In summary, the information about the fields (squeeze from metadata):

ID: width 8 bits, bit offset - 0, bias - 0
VAL: width 5 bits, bit offset - 8, bias - 0
NAME: width 6 bits, bit offset - 18, bias - 0
PHONE: width 5 bits, bit offset - 13, bias - 0
SINGLE: 0 bit width (one value)

The row table consists of rows of length 3 bytes, respectively, in a row of the row table the field data will logically decompose as follows:

first 6 bits - field "NAME"
the next 5 bits is the PHONE field
further 5 bits - the "VAL" field
last 8 bits - ID field

The logical sequence is converted into physical by permutation of bytes in the reverse order, i.e.

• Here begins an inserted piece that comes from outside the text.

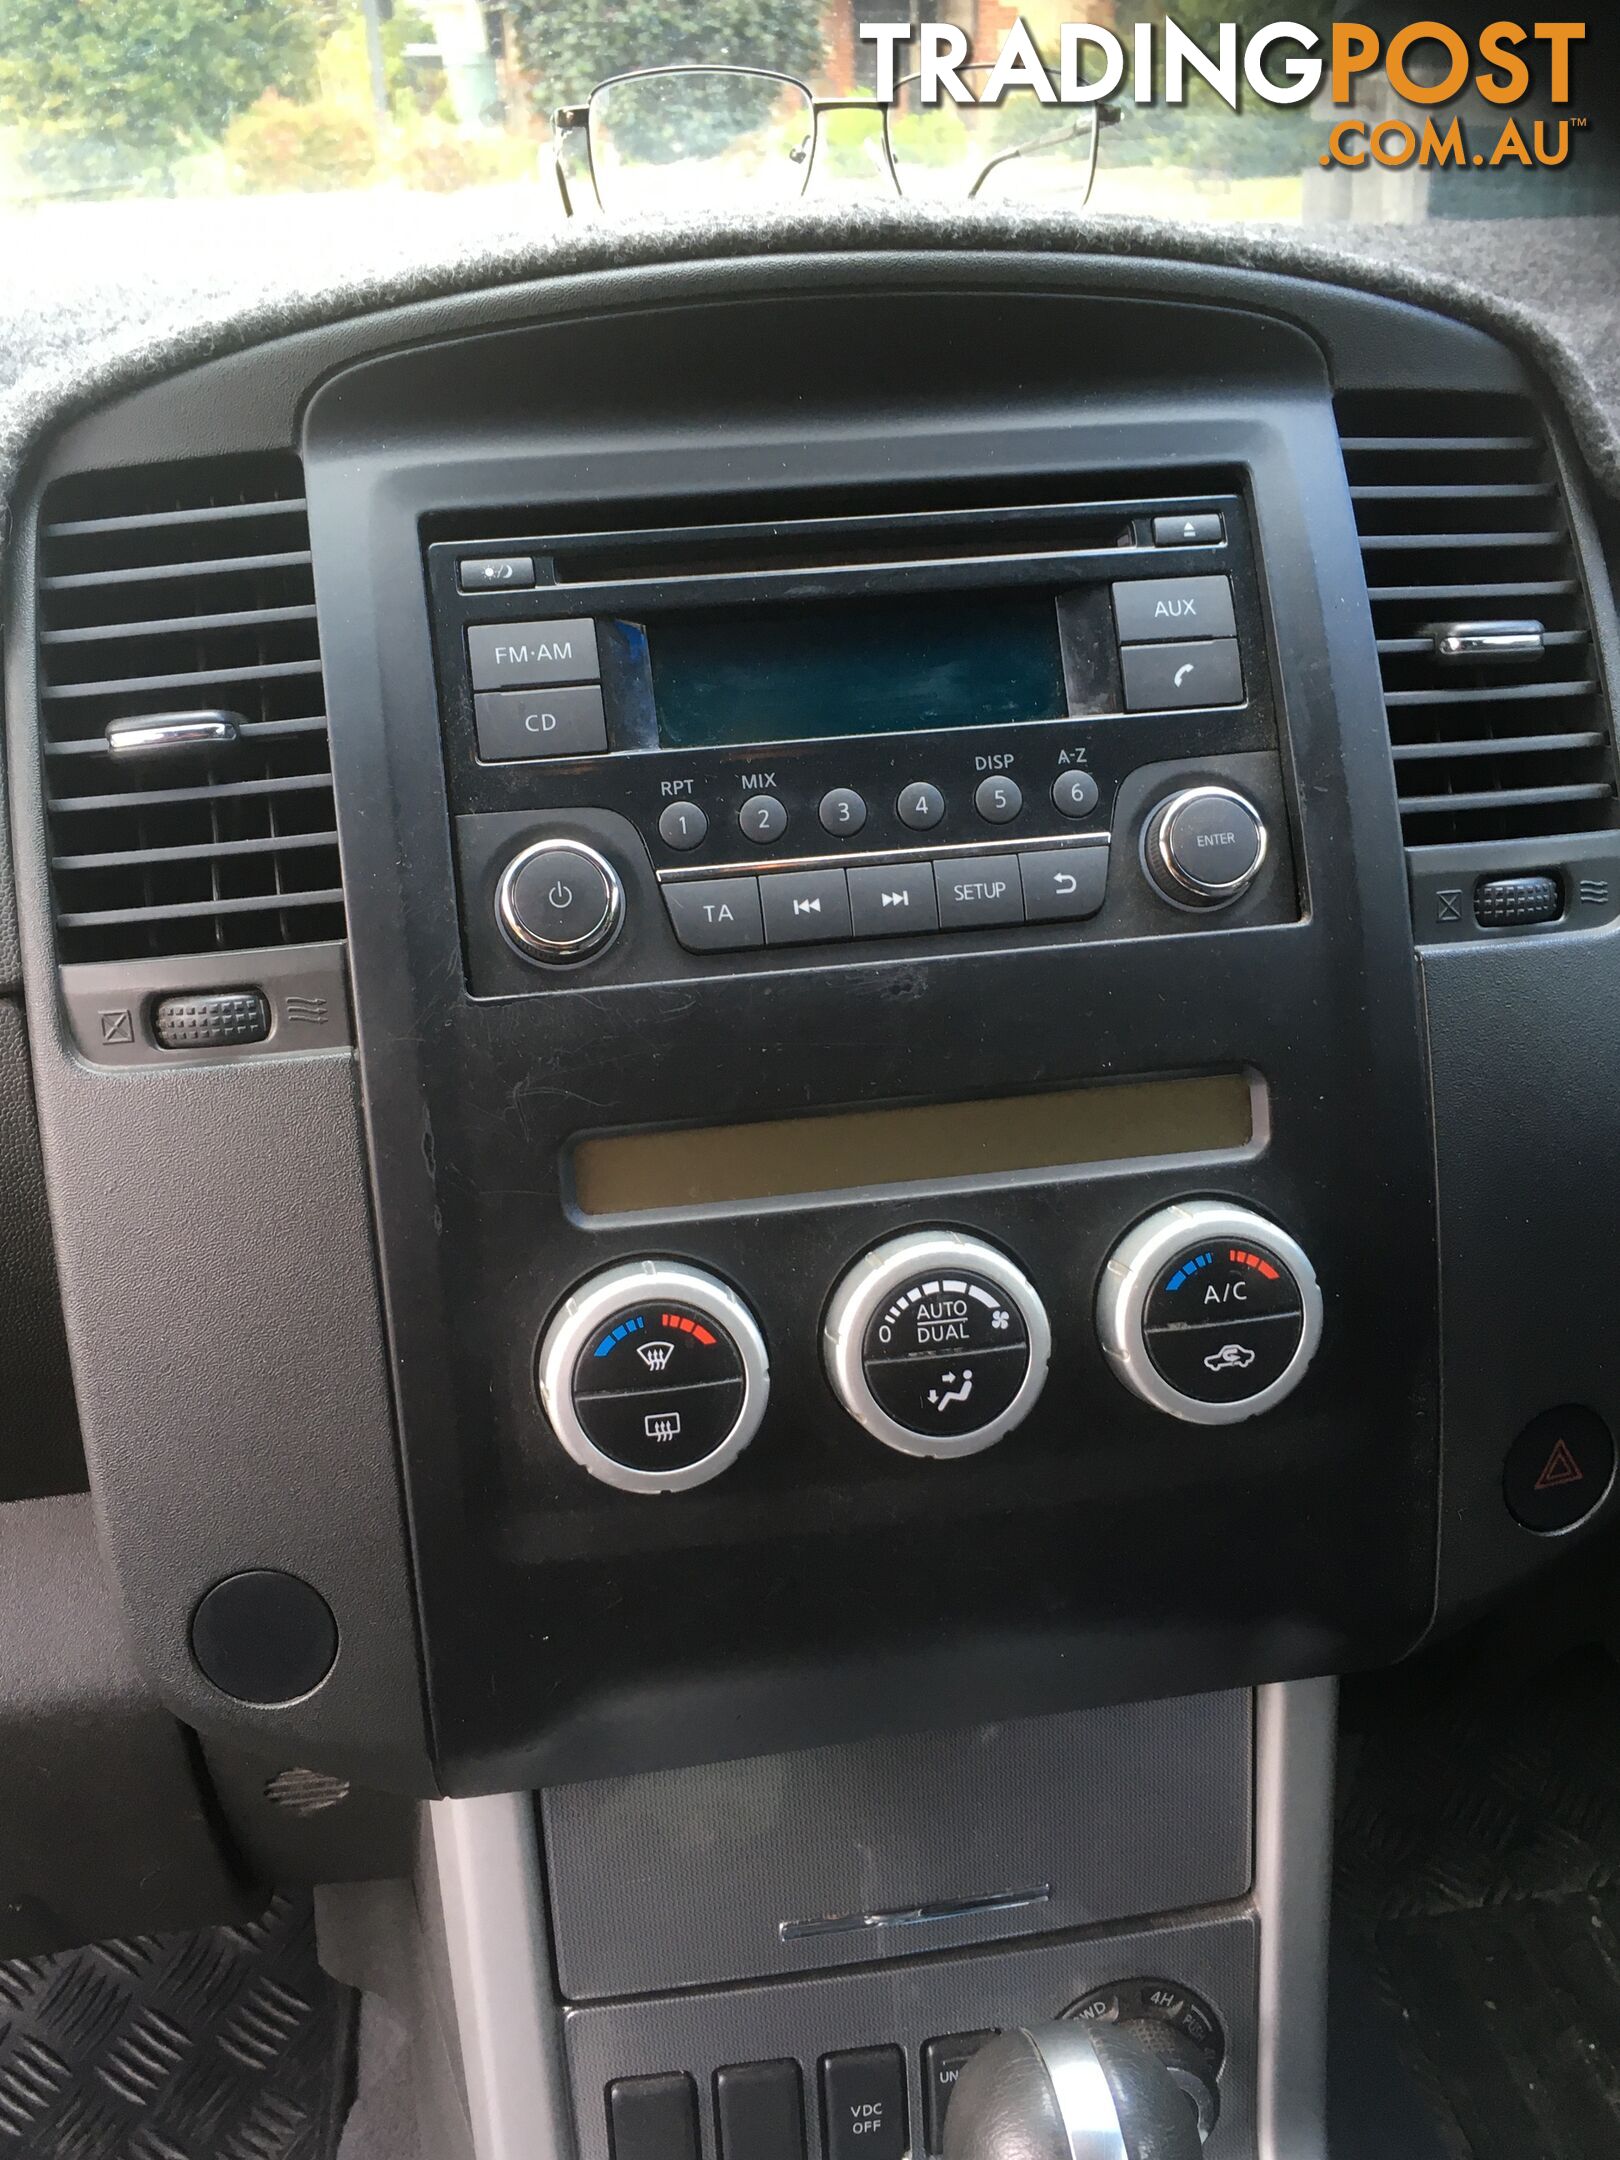 2012 Nissan Navara 550 DUAL CAB D40 S5 MY12 UTILITY 4X4 Ute Automatic
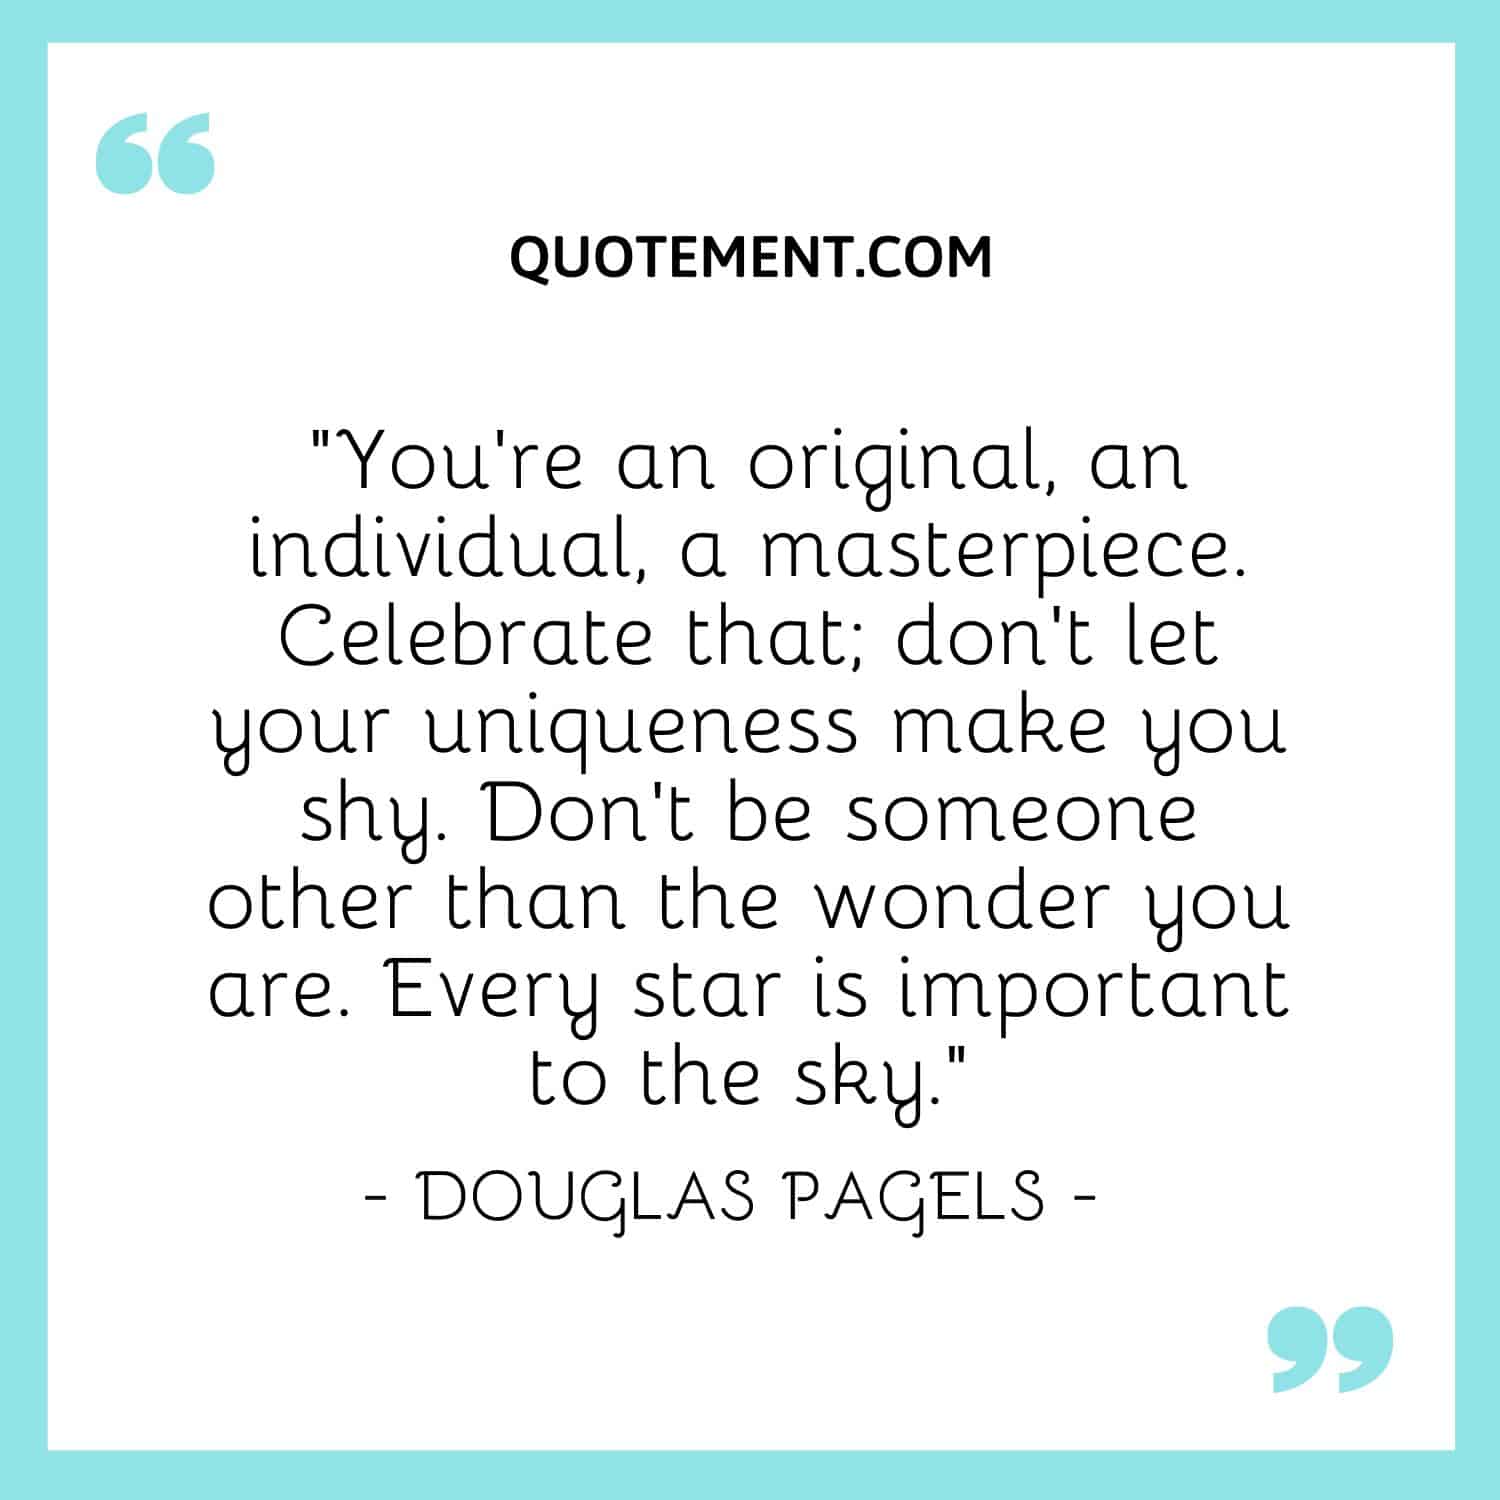 You're an original, an individual, a masterpiece.

the "ID" field completely occupies the first byte (which is the last in logical sequence)
the "VAL" field occupies the lower 5 bits of the second byte
the "PHONE" field occupies the upper 3 bits of the second byte and the lower 2 bits of the third byte
the "NAME" field occupies the upper 6 bits of the third byte

Let's look at examples, here's what the first row of the table of rows looks like (highlighted in pink)

Field values

ID - binary 00000000 decimal 0
VAL - binary 00010, decimal 2, subtract 2 due to bias - we get 0
PHONE - binary 00010, decimal 2, subtract 2 due to bias - we get 0
NAME - binary 000000 decimal 0

That is, the first line contains the first characters of the corresponding character tables.

In general, it is convenient to start parsing it from the first line - it usually contains zeros as an index (so the QVD file is built that the values from the first line fall into the symbol table).

Let's take a look at the second line to fix

Field values

ID - binary 00000001 decimal 1
VAL - binary 00011, decimal 3, subtract 2 for bias - we get 1
PHONE - binary 00011, decimal 3, subtract 2 for bias - we get 1
NAME - binary 000001 decimal 1

Ie the second line contains the second characters from the corresponding symbol tables.

Efficient format parsing

I will share a little experience - how I technically "read" QVD.

The first version was written on python (I will improve it and put it in github).

It quickly became clear the main problems:

character tables can only be read "in a row" (it is impossible to read character number N without reading all the previous characters)
real files "do not fit" into RAM
of the slowest operations (except for working with files) - bit operations (unpacking the string of the string table)
performance sags heavily on wide QVD files (when there are many columns)

Some of these problems can be solved by changing the language (from python to C, for example). The part demanded some additional actions.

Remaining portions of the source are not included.